A 16-year-old male academy player was tackled during a game and sustained a direct blow to the anterior aspect of their left knee. At the time, there was minor discomfort and minimal swelling. This settled completely within 48 hours with rest and icing and the player completed a game 10 days later with no issues. Ten days after this, following a routine training session, the player noticed a recurrence of the swelling, this time much larger than before. There was no pain or stiffness and no locking or giving way. The player was able to complete daily activities and even train without issues. He had no fever or malaise and no inflammatory features.
An MRI of the left knee was performed to further evaluate the injury. This showed a 15 x 2 x 15 cm thin walled fluid collection in the anterior knee, at the junction between the subcutaneous fat layer and the deep fascia. The fluid collection was predominantly of T2 high signal indicating fluid but there was a fluid-fluid level suggesting a haemorrhagic component. The lesion had no significant low signal rim to suggest a fibrous pseudocapsule. There was minor adjacent subcutaneous oedema. There was no bony injury and no other knee abnormality. In the context of the previous direct blow, the appearances were consistent with a Morel-Lavalée lesion.

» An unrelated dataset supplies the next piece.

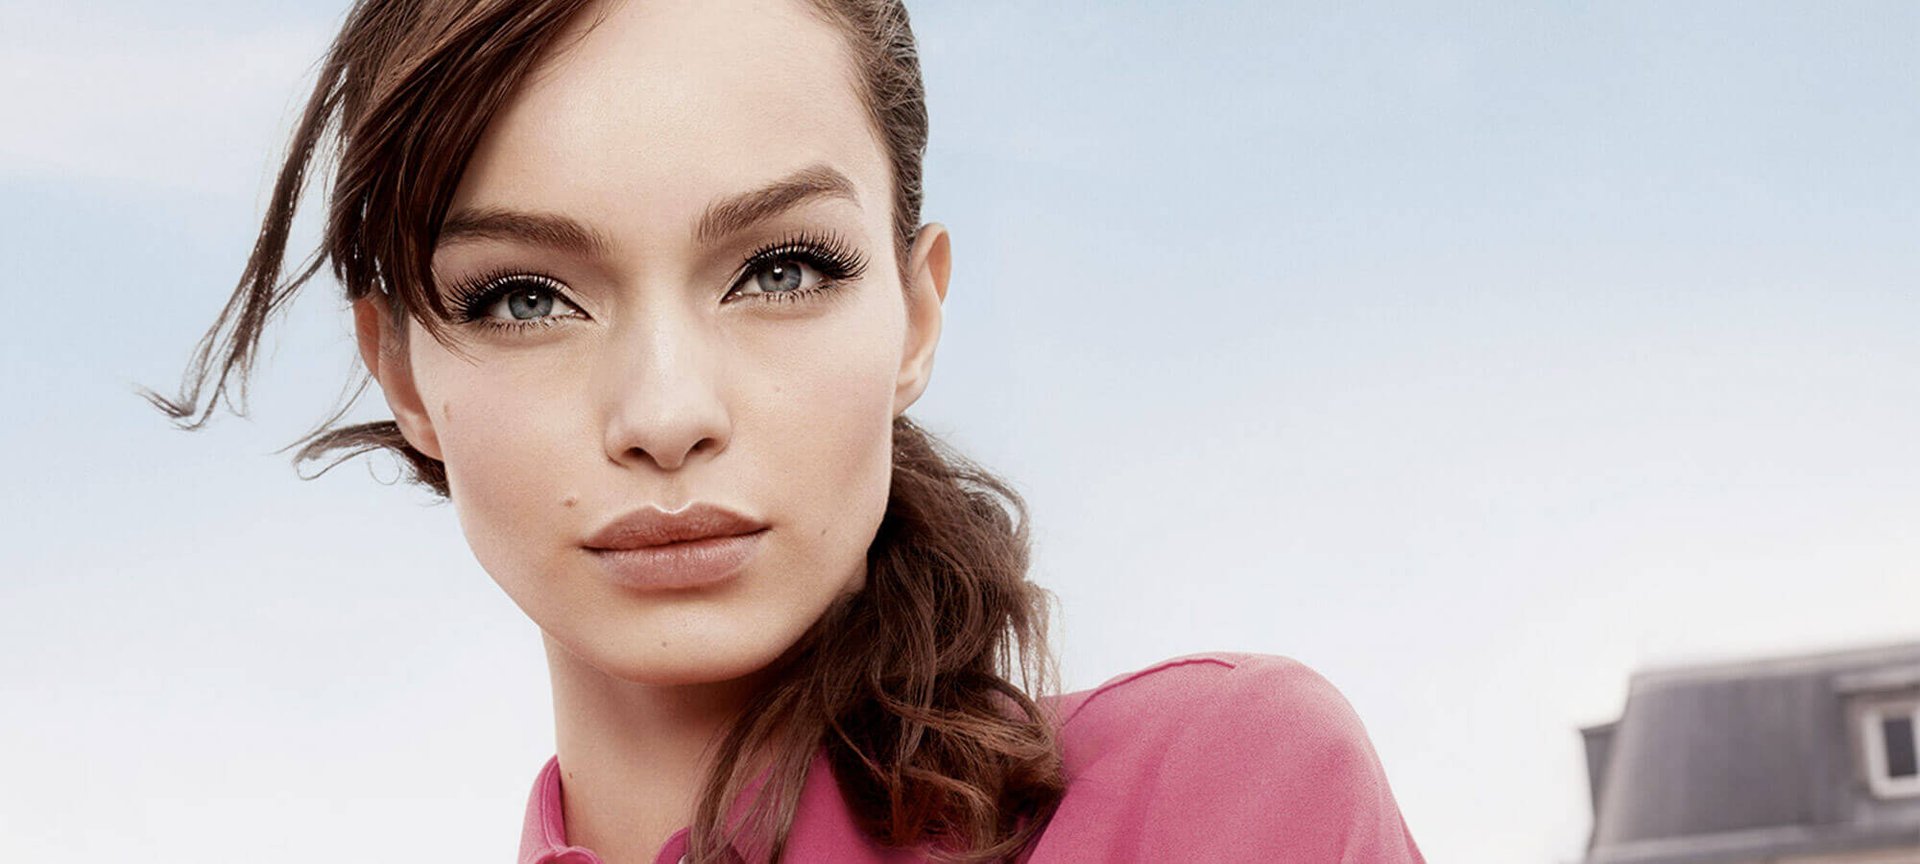 Måltid bølge Person med ansvar for sportsspil Best Makeup Products: Eye Makeup, Face, Lips & Nails | L'Oréal Paris

Given the patient’s age, the relatively small size of the lesion and the absence of a fibrous pseudocapsule on MRI, this patient was managed conservatively with a Game Ready compression unit for 14 days before returning to play. He played using Coban taping to the knee and has not yet had a recurrence of swelling.

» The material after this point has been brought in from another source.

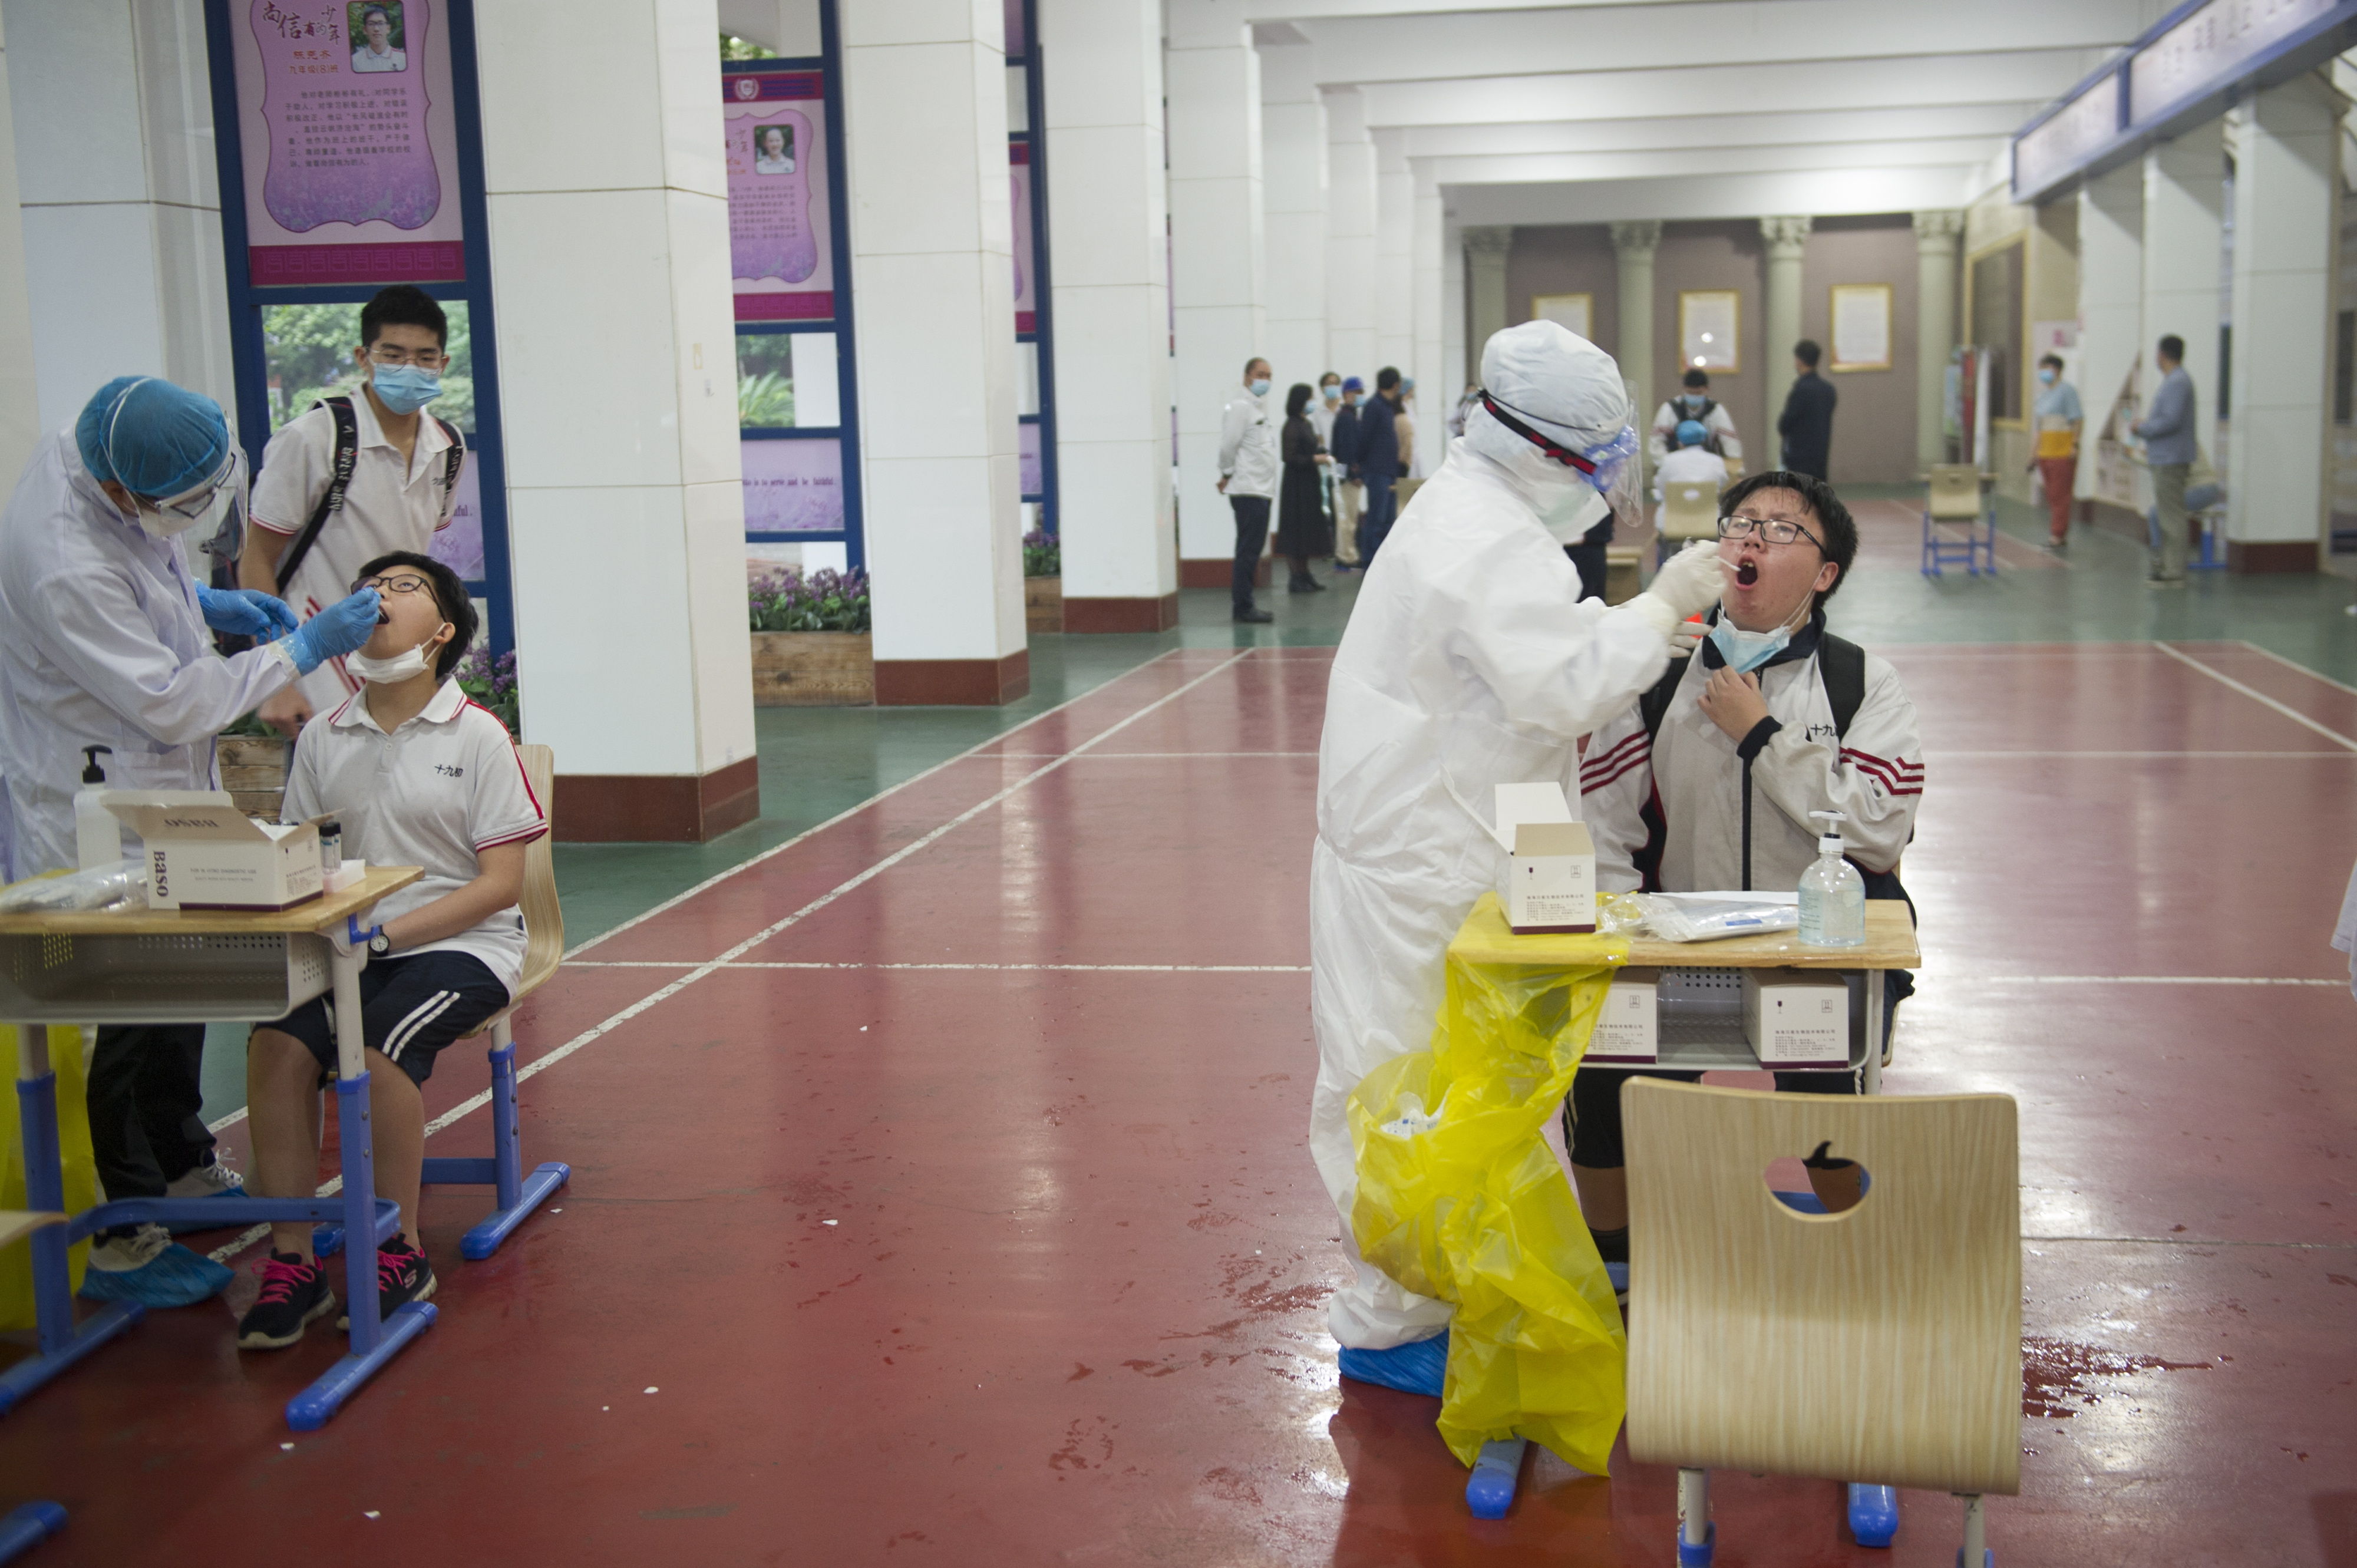 La prueba busca determinar si una persona puede regresar a sus labores sin riesgo de contagiarse de coronavirus. (Foto Prensa Libre: EFE)

Morel-Lavalée lesions are due to post-traumatic separation of the subcutaneous skin and fat from the fascia. The fluid can accumulate slowly over time and a delayed presentation of swelling is not uncommon, sometimes occurring months to year after the injury. There is no accepted treatment algorithm for Morel-Lavalée lesions. Small lesions can be managed conservatively with compression dressings. Larger lesions can be aspirated percutaneously with the caveat that recurrence is not uncommon. The presence of a fibrous pseudocapsule on MRI makes recurrence more likely and, in this situation, aspiration and injection of a sclerosing agent (such as doxycycline or sucrose) or surgical debridement should be considered.